Requirement
Drop every picture, then transcribe the remaining data exactly.

Top of Material provided

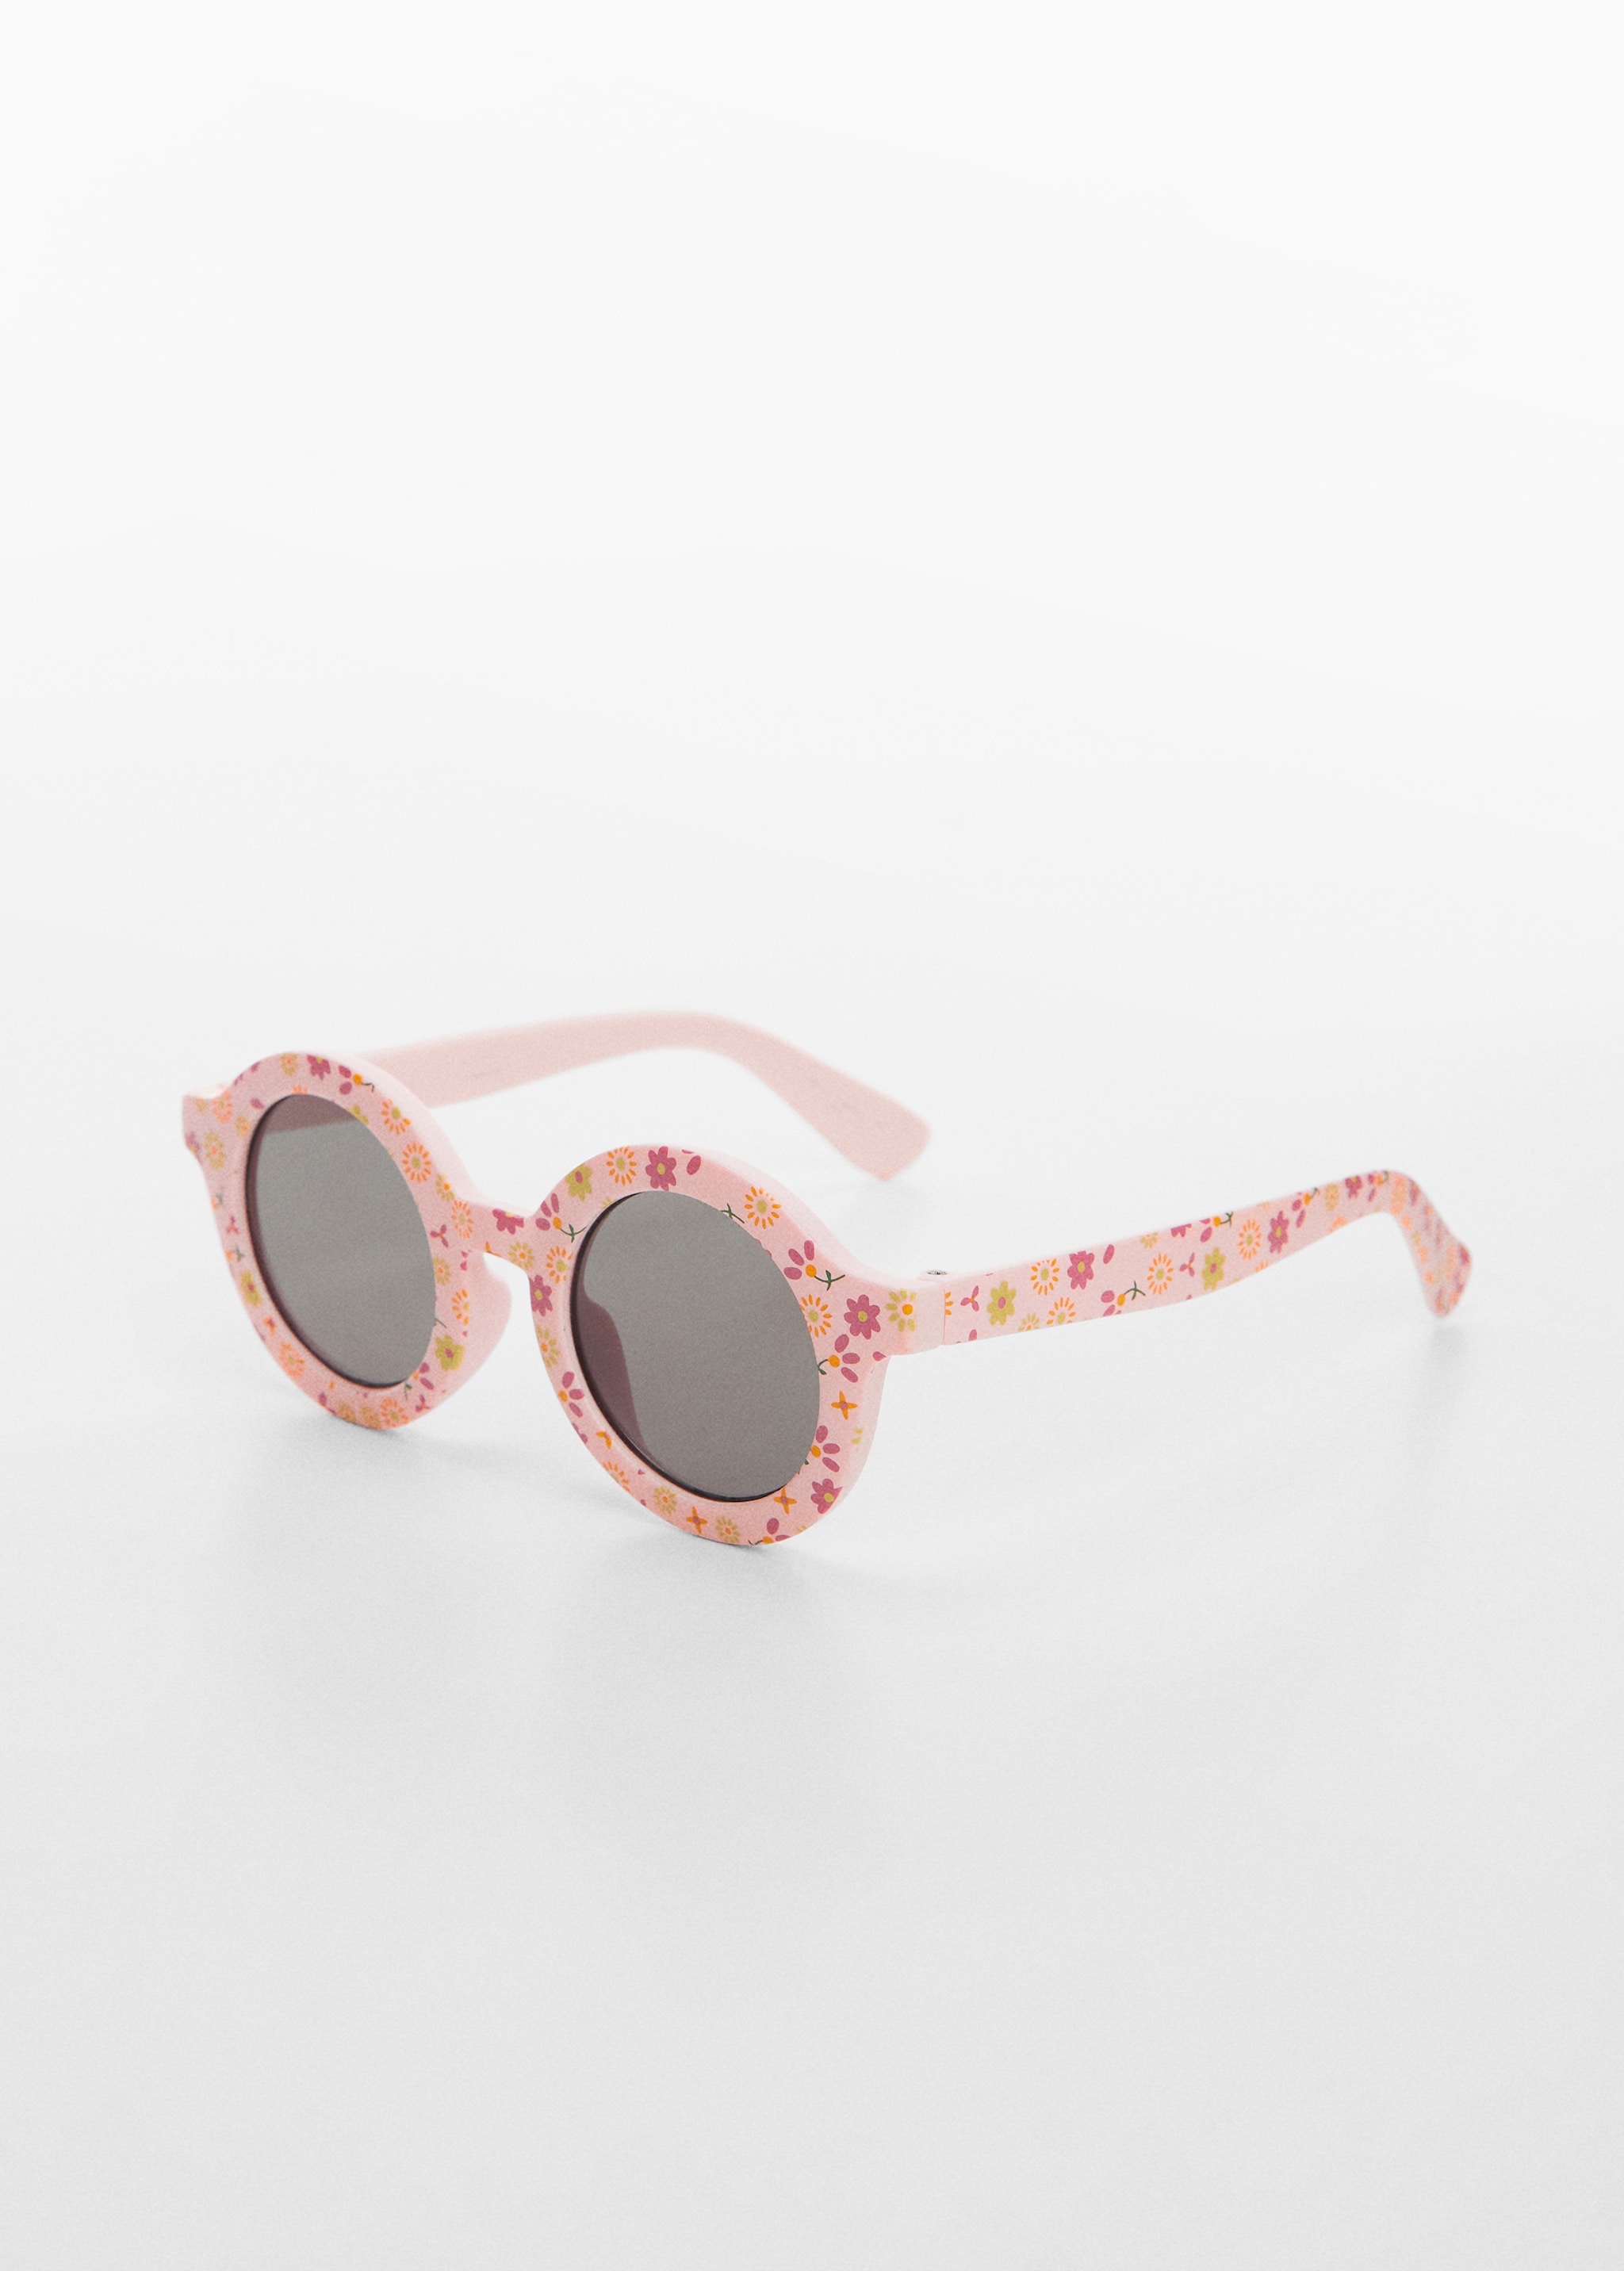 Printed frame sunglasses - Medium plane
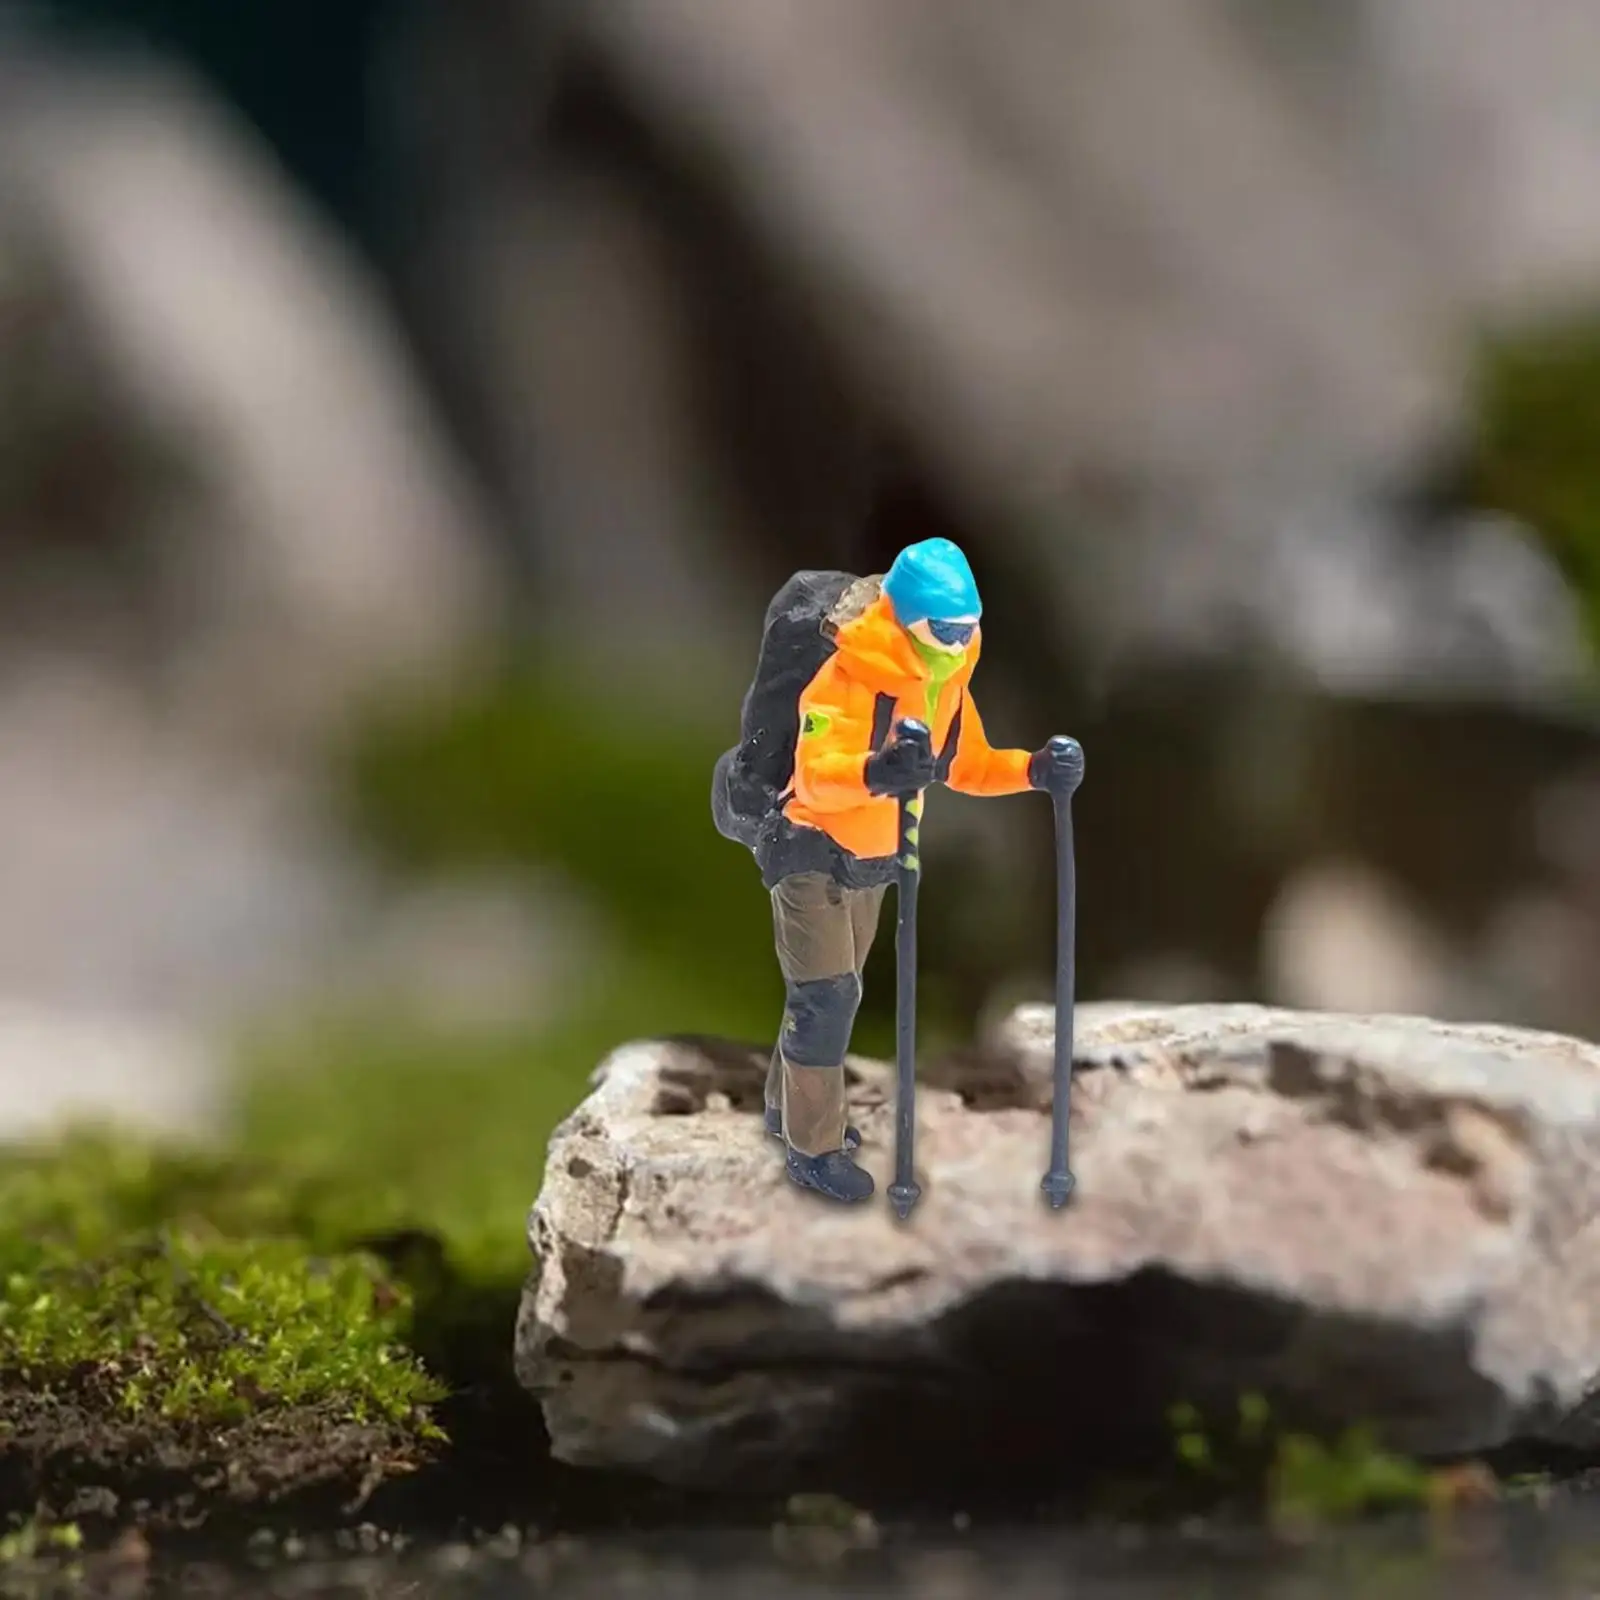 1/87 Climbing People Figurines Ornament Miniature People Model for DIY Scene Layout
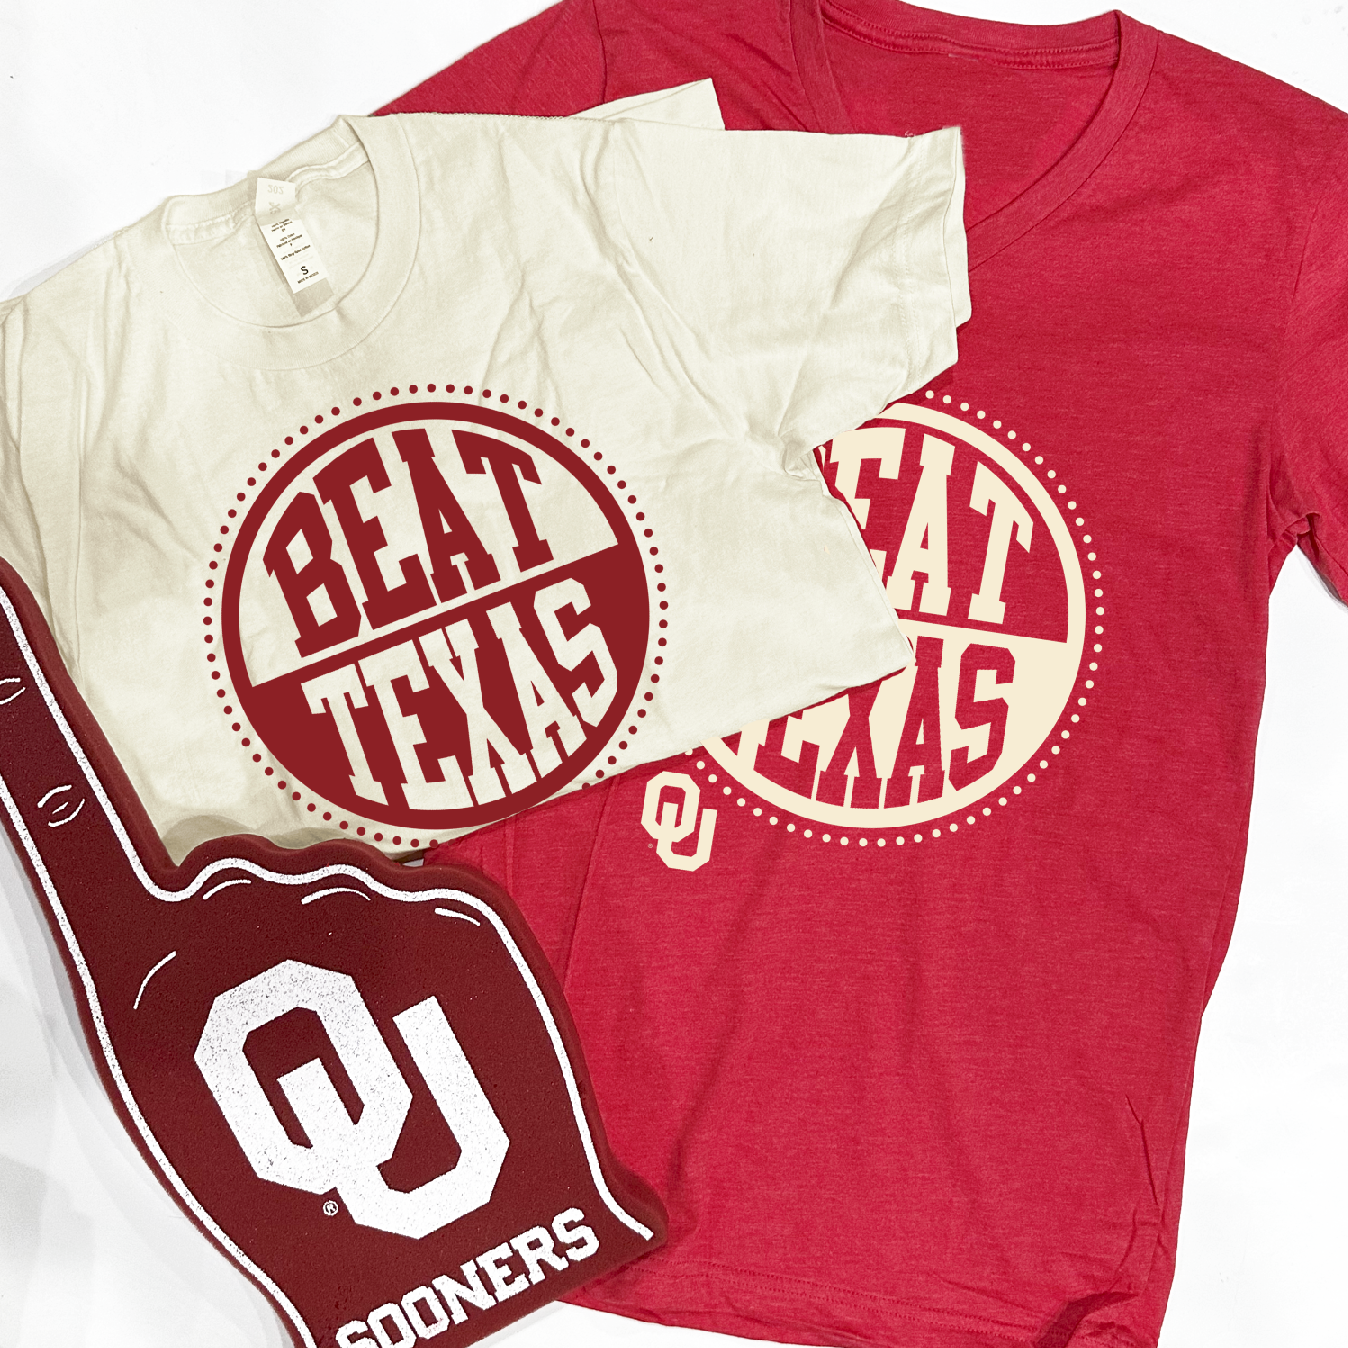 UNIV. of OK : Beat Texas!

Bottom of Material provided

Response for this exercise
 Printed frame sunglasses - Medium plane
 1/87 Climbing People Figurines Ornament Miniature People Model for DIY Scene Layout
 UNIV. of OK : Beat Texas!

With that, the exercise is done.